Dokuzuncu Hariciye Koğuşu sonunda ne oldu?
28.02.2025 4 görüntülenme Son güncelleme: 23.03.2025
Peyami Safa'nın otobiyografik özellikler taşıyan unutulmaz eseri Dokuzuncu Hariciye Koğuşu, okuyucuları derinden etkileyen bir roman. Hastalık, yalnızlık ve umut arayışının iç içe geçtiği bu hikayenin sonunda kahramanımızın yaşadıkları, okuyucuların zihninde uzun süre yer ediyor. Peki, Dokuzuncu Hariciye Koğuşu'nda tam olarak neler oluyor? Romanın sonlarına doğru, bacağındaki rahatsızlık için çare arayan genç kahramanımız, umutla gittiği İsviçre'den eli boş döner. Ameliyat sonuç vermemiştir ve bacağı kesilme tehlikesiyle karşı karşıyadır. Ancak, bu fiziksel zorlukların yanı sıra, kahramanımızın iç dünyasında da büyük bir değişim yaşanır. Nüzhet'e olan aşkı, imkansızlığıyla yüzleşir ve bu aşkın da bir anlamda "iyileşmesi" gerektiğini anlar. Sonuç olarak, Dokuzuncu Hariciye Koğuşu, bir iyileşme hikayesi olmaktan çok, bir kabulleniş ve olgunlaşma öyküsüdür.
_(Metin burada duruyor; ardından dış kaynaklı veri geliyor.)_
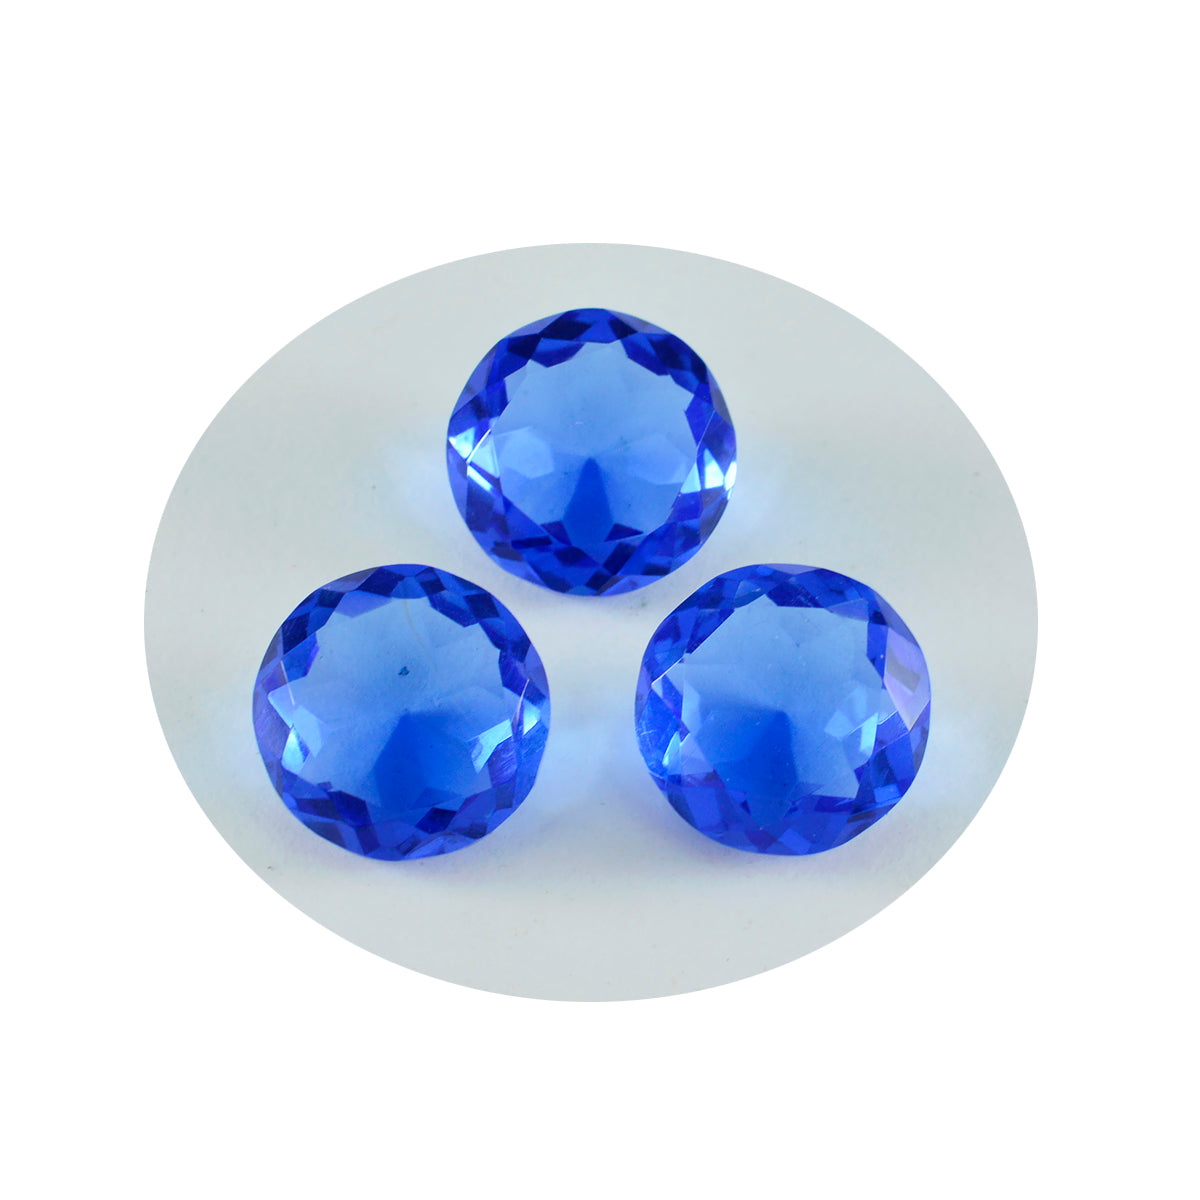 Riyogems 1 Stück blauer Saphir, CZ, facettiert, 14 x 14 mm, runde Form, Edelstein in AAA-Qualität

Kahramanımız fiziksel olarak tam anlamıyla iyileşmese de, ruhunda büyük bir dönüşüm geçirir. Hastalığın ve aşkın yarattığı acılarla yüzleşerek, hayatın gerçeklerini ve kendi sınırlarını anlamaya başlar. Romanın sonu, tam bir kapanış olmasa da, kahramanımızın geleceğe dair umutlarını koruduğunu ve hayata tutunmaya devam ettiğini gösterir. Bu da Dokuzuncu Hariciye Koğuşu'nu, Türk edebiyatının en etkileyici ve düşündürücü eserlerinden biri yapar.